ProHoster > Otentikasi dua faktor di OpenVPN dengan bot Telegram
Otentikasi dua faktor di OpenVPN dengan bot Telegram
Artikel ini menjelaskan pengaturan server OpenVPN untuk mengaktifkan otentikasi dua faktor dengan bot Telegram yang akan mengirimkan permintaan konfirmasi saat menghubungkan.
OpenVPN adalah server VPN sumber terbuka terkenal dan gratis yang banyak digunakan untuk mengatur akses aman karyawan ke sumber daya internal organisasi.
Sebagai otentikasi untuk menghubungkan ke server VPN, biasanya digunakan kombinasi kunci dan login/kata sandi pengguna.

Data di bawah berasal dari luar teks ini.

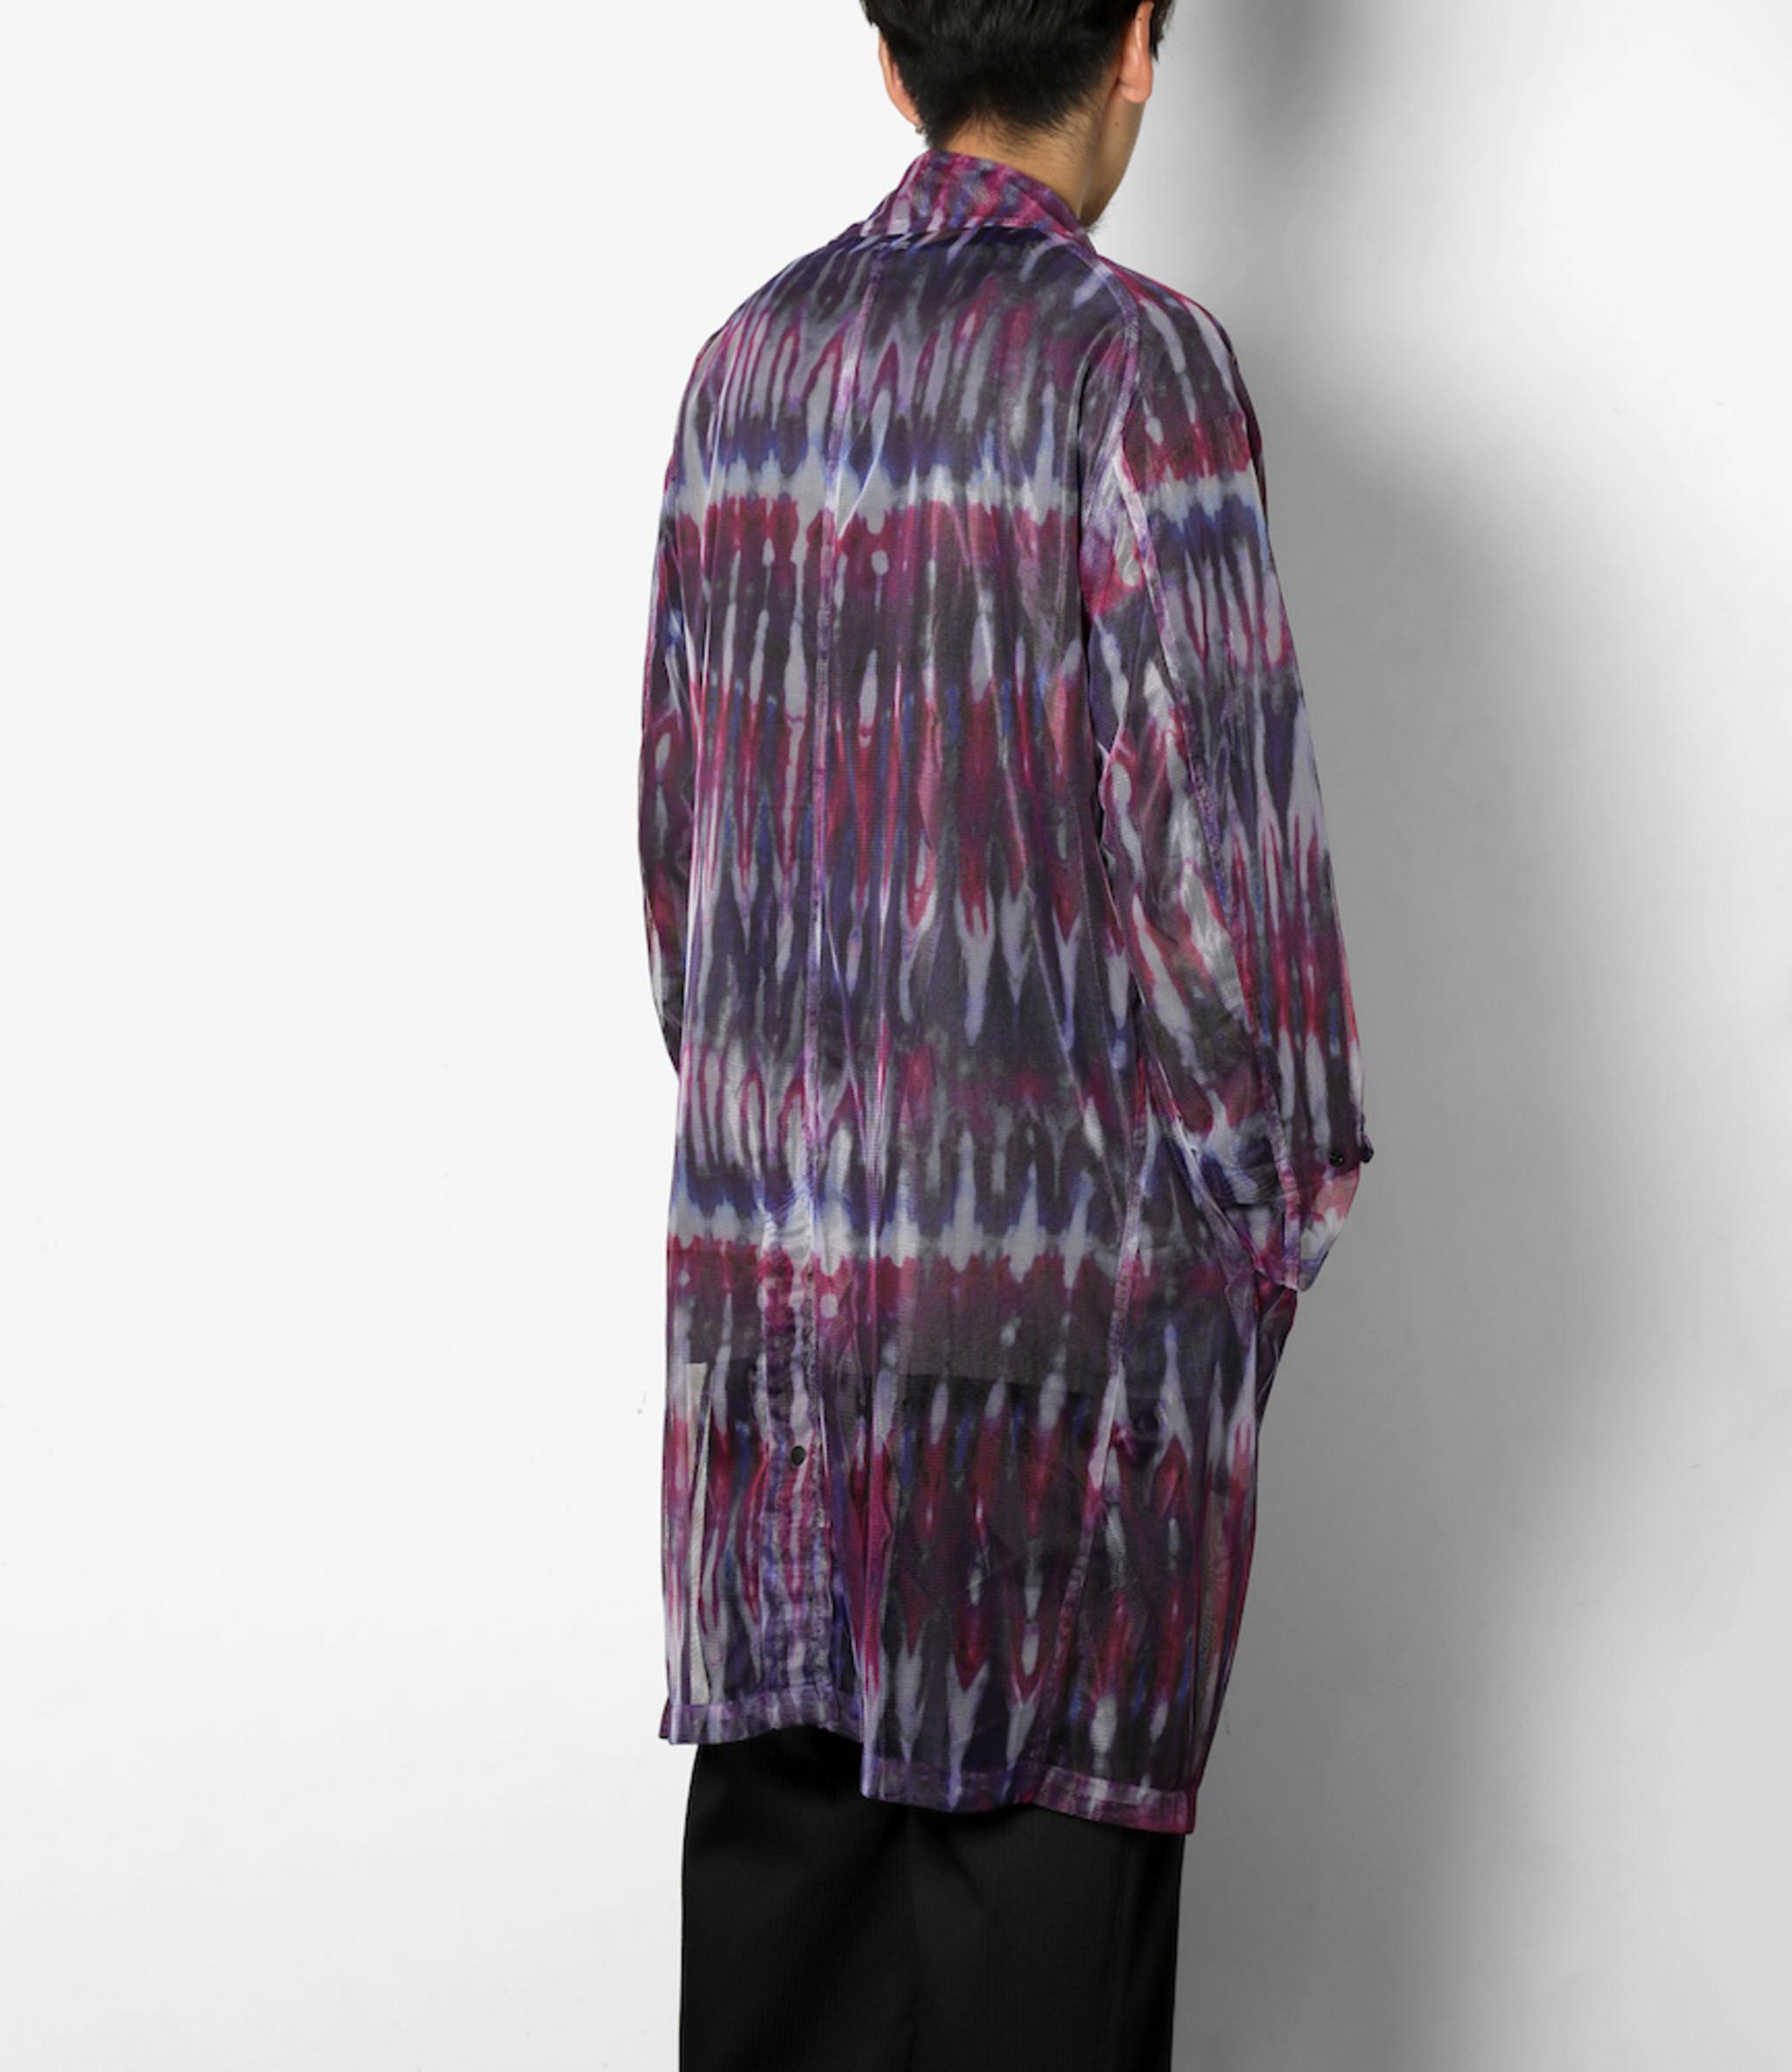 South2 West8 Bush Coat - Poly Lightweight Mesh / Print - Tie Dye

Pada saat yang sama, kata sandi yang disimpan di klien mengubah seluruh rangkaian menjadi satu faktor yang tidak memberikan tingkat keamanan yang tepat. Seorang penyerang, setelah mendapatkan akses ke komputer klien, juga mendapatkan akses ke server VPN. Hal ini terutama berlaku untuk koneksi dari mesin yang menjalankan Windows.
Penggunaan faktor kedua mengurangi risiko akses tidak sah sebesar 99% dan tidak mempersulit proses koneksi bagi pengguna sama sekali.

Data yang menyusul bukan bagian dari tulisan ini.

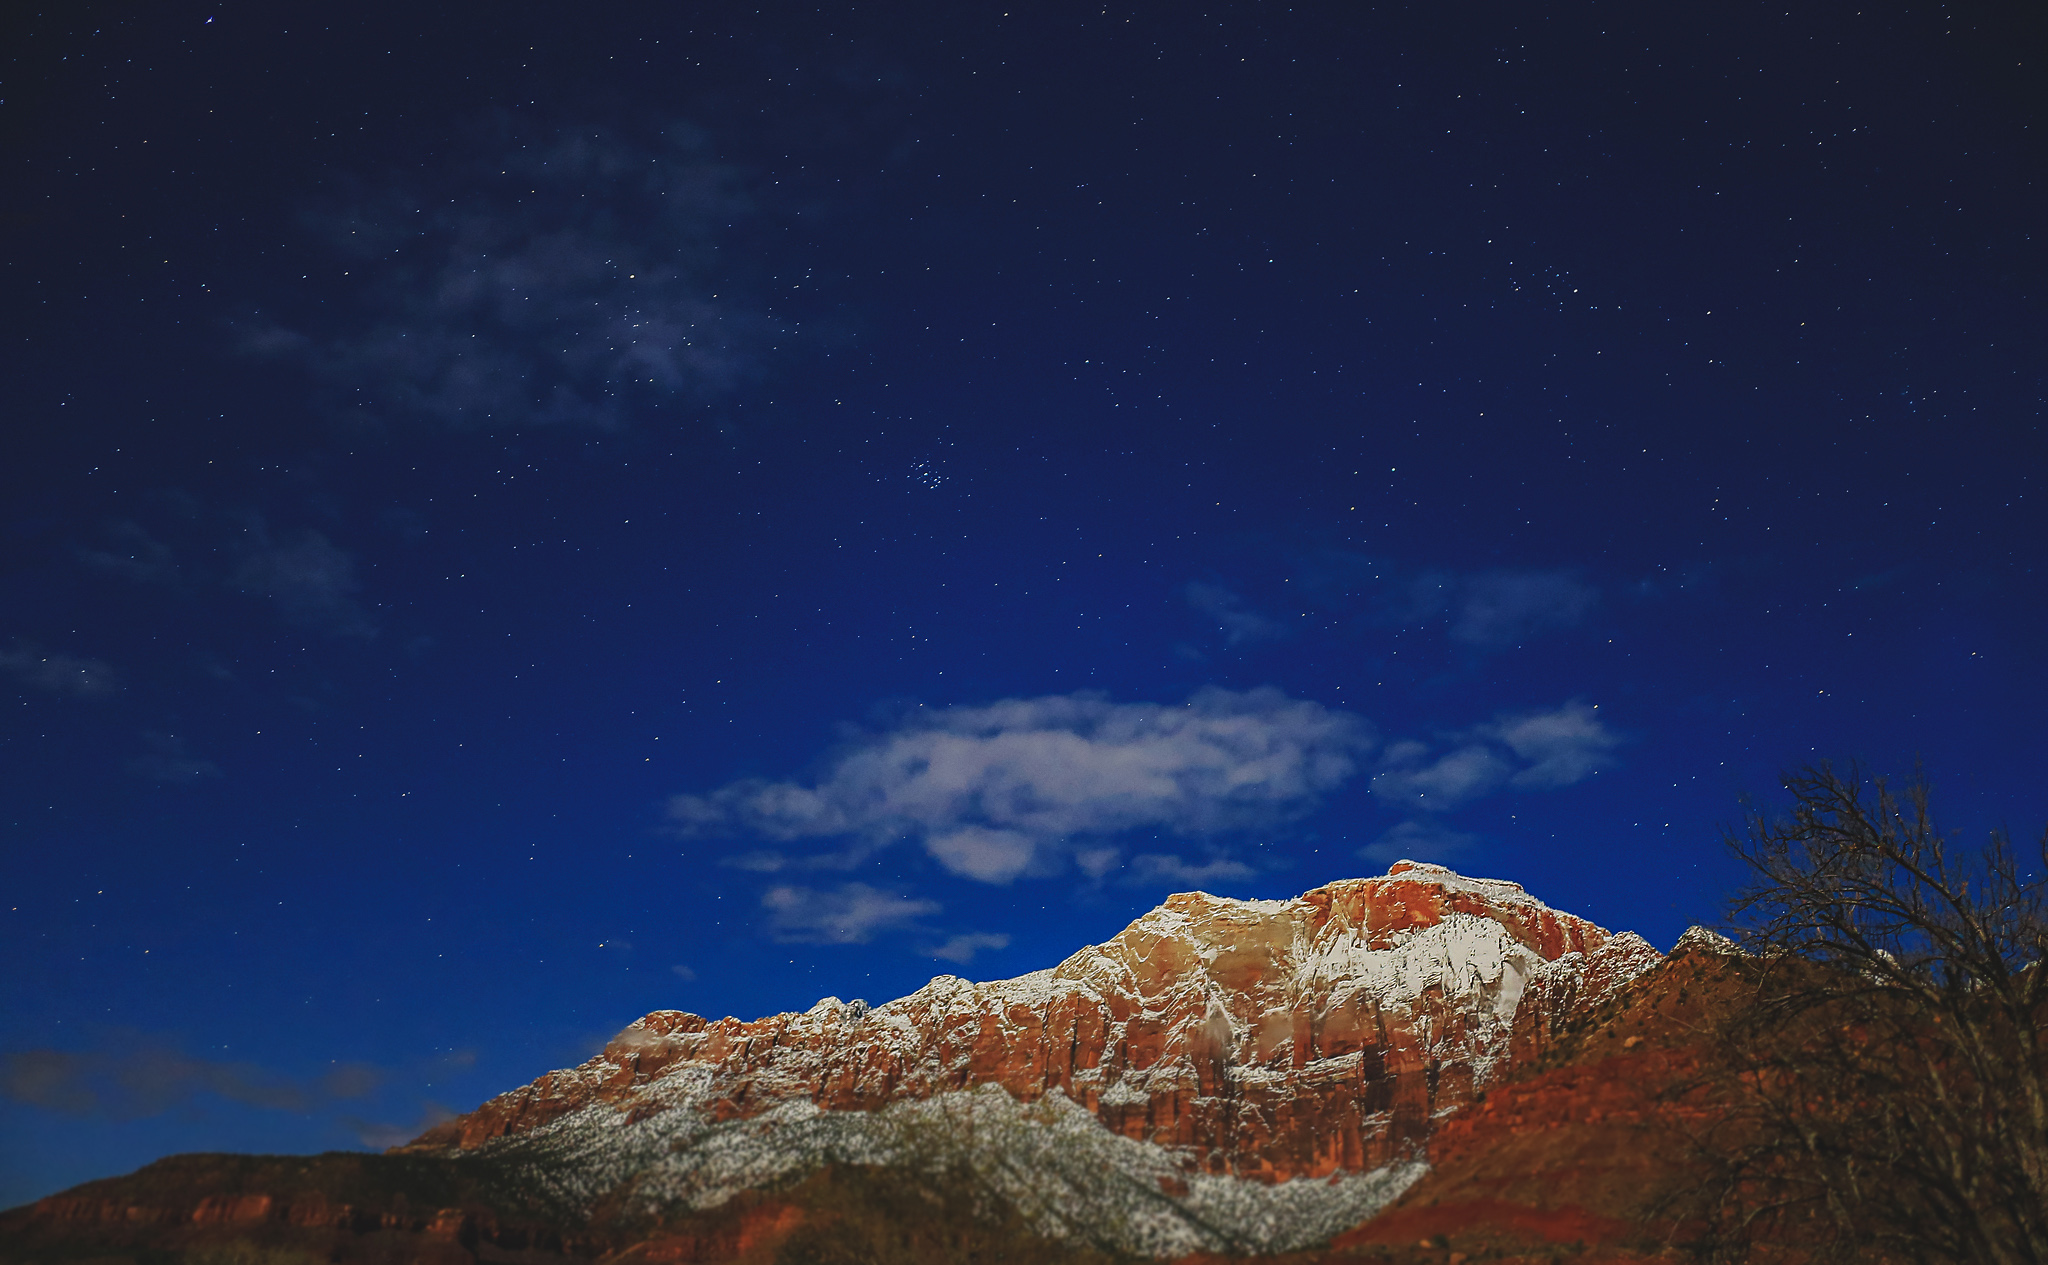 IMG_7792-ZION-STARS-JENNIFER-PICARD-PHOTOGRAPHY-WEB.jpg

Izinkan saya segera melakukan reservasi: untuk implementasi, Anda perlu menghubungkan server otentikasi pihak ketiga multifactor.ru, di mana Anda dapat menggunakan tarif gratis untuk kebutuhan Anda.
Prinsip operasi
OpenVPN menggunakan plugin openvpn-plugin-auth-pam untuk otentikasi
Plugin memeriksa kata sandi pengguna di server dan meminta faktor kedua melalui protokol RADIUS di layanan Multifaktor
Multifaktor mengirimkan pesan ke pengguna melalui bot Telegram yang mengonfirmasi akses
Pengguna mengonfirmasi permintaan akses dalam obrolan Telegram dan terhubung ke VPN
Menginstal server OpenVPN
Ada banyak artikel di Internet yang menjelaskan proses instalasi dan konfigurasi OpenVPN, jadi kami tidak akan menduplikasinya. Jika Anda memerlukan bantuan, ada beberapa link tutorial di akhir artikel.
Menyiapkan Multifaktor
Pergi ke Sistem kendali multifaktor, buka bagian "Sumber Daya" dan buat VPN baru.

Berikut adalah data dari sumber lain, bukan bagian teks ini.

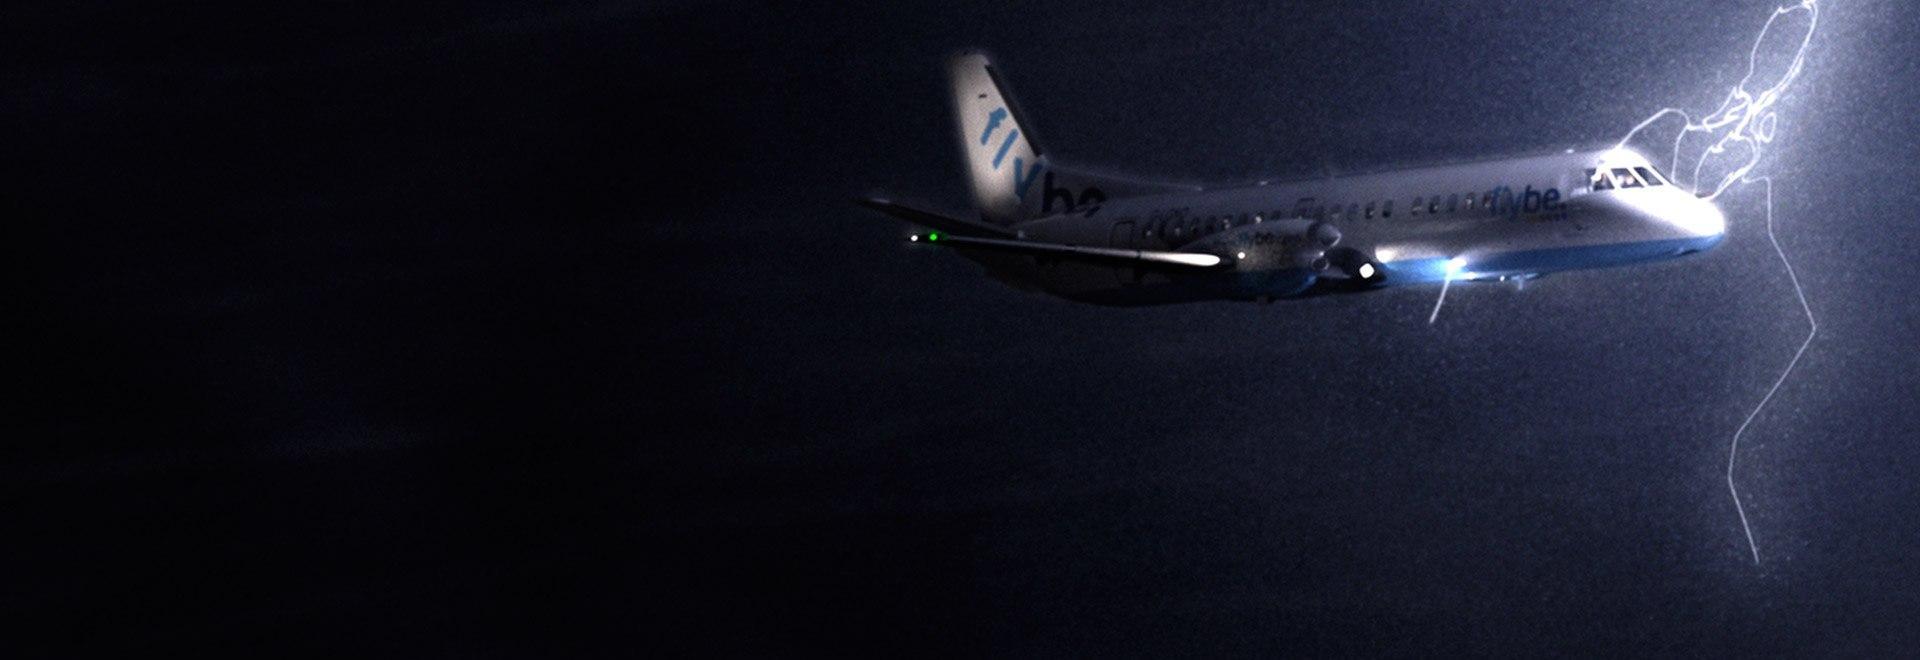 Missione letale

Setelah dibuat, Anda akan memiliki dua opsi yang tersedia untuk Anda: Pengidentifikasi NAS ΠΈ Rahasia Bersama, mereka akan diperlukan untuk konfigurasi selanjutnya.
Di bagian "Grup", buka pengaturan grup "Semua pengguna" dan hapus tanda "Semua sumber daya" sehingga hanya pengguna dari grup tertentu yang dapat terhubung ke server VPN.
Buat grup baru "Pengguna VPN", nonaktifkan semua metode otentikasi kecuali Telegram dan tunjukkan bahwa pengguna memiliki akses ke sumber daya VPN yang dibuat.
Di bagian "Pengguna", buat pengguna yang akan memiliki akses ke VPN, tambahkan mereka ke grup "Pengguna VPN" dan kirimkan mereka tautan untuk mengonfigurasi faktor otentikasi kedua. Login pengguna harus cocok dengan login di server VPN.
Menyiapkan server OpenVPN
Buka filenya /etc/openvpn/server.conf dan tambahkan plugin untuk otentikasi menggunakan modul PAM
Baris pertama menghubungkan modul PAM pam_radius_auth dengan parameter:
skip_passwd - menonaktifkan transmisi kata sandi pengguna ke server RADIUS Multifactor (dia tidak perlu mengetahuinya).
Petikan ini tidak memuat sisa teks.